Jaku: Analysis of a botnet
In May 2016, the Special Investigations team at Forcepoint revealed the existence of a botnet campaign that is unique in targeting a very small number of individuals while in tandem, herding thousands of victims into general groups.
The discovery, known as Jaku, offers vital insight into the workings and characteristics of a botnet, as well as specific understanding of a targeted attack that differs from the scattergun approach of broader botnet activities. It also sheds light onto why the victims of botnets are targeted, and how their usage of pirated or counterfeit software and movies leaves them vulnerable to attack.
What is Jaku?
Botnets are resilient, redundant and highly pervasive attack methods. They are repeatedly deployed by major threat actors, such as organised crime, by sponsored attackers acting as proxies and by rogue states via their agencies. In the case of Jaku, this resilience is strengthened by herding thousands of victims into becoming botnet members. But unusually in the case of Jaku, in parallel, a targeted operation is executed on a very small number of unique individuals. These individuals include members of International Non-Governmental Organisations (NGOs), Engineering Companies, Academics, Scientists and Government Employees.
The operators prepared smaller botnets. These, potentially being grown to just the right size to form a resilient infrastructure. This means that should one botnet drop, there are six or seven more, ready to ensure the remainder of the campaign can continue to operate, strengthening its resilience and effectiveness. The figure of 19,000 is a conservative estimate of the number of victims at any one time.
The discovery process
As a research team we gather and analyse industry data on a regular basis. We do this because we want to provide protection for our customers based on discoveries across the industry. The Jaku discovery came in part from reading an earlier Dark Hotel report put out from Kaspersky. By integrating our initial analysis with other sources, a set of IPs and domains were investigated, some of which ran web servers. A handful contained a file called ‘near.jpg’.
What caught our attention was that one of the near.jpg files was 451 MB in size. A sizeable image to be served by a small web server. The initial discovery was really that simple –looking into an images directory and seeing an unusually large .jpg file within it.

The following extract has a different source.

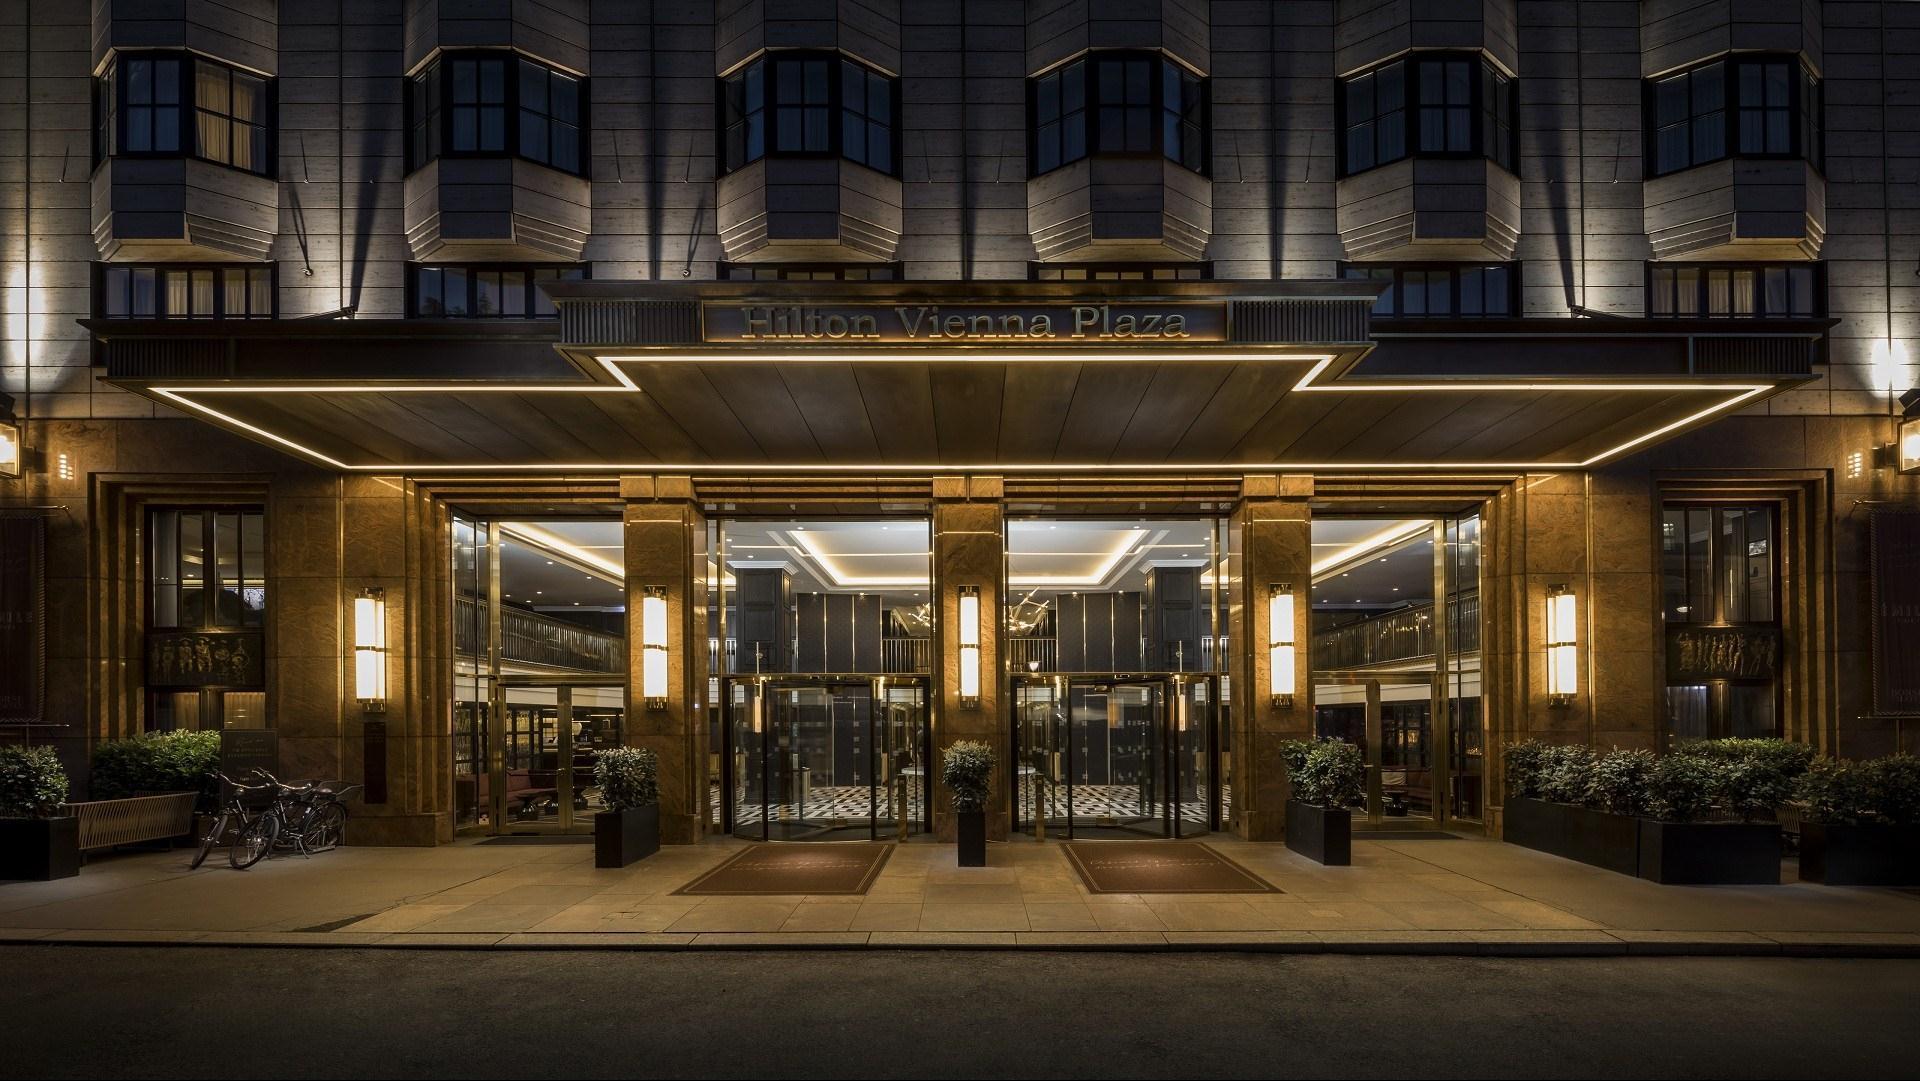 Meeting and event spaces at hilton austria hotels vienna and - Hilton Vienna Plaza Vienna Hotel Select Venue

We investigated the server further. We discovered that the file was not a JPEG image file at all. In reality, it was an SQLite database. Within the database there were a couple of interesting tables named ‘child’ and ‘history’. Through this we were able to track every victim’s Unique Identifier, their public IP address and their personal information that had been gathered by the malware, as well as the last time that information had been beaconed back to the command and control centre.
Within this information we found the use of numerous foreign languages including Japanese and Korean. None of us being naturally gifted at Asian languages, automated translation from Japanese and Korean into English eventually led to some fairly bizarre animated pornography and a significant amount of copyright theft in the form of videos and cracked software. More worryingly, there were passport and visa images as well as many other documents potentially containing personal information. We were basically able to see what the bad guys had been able to gather from the victim machines.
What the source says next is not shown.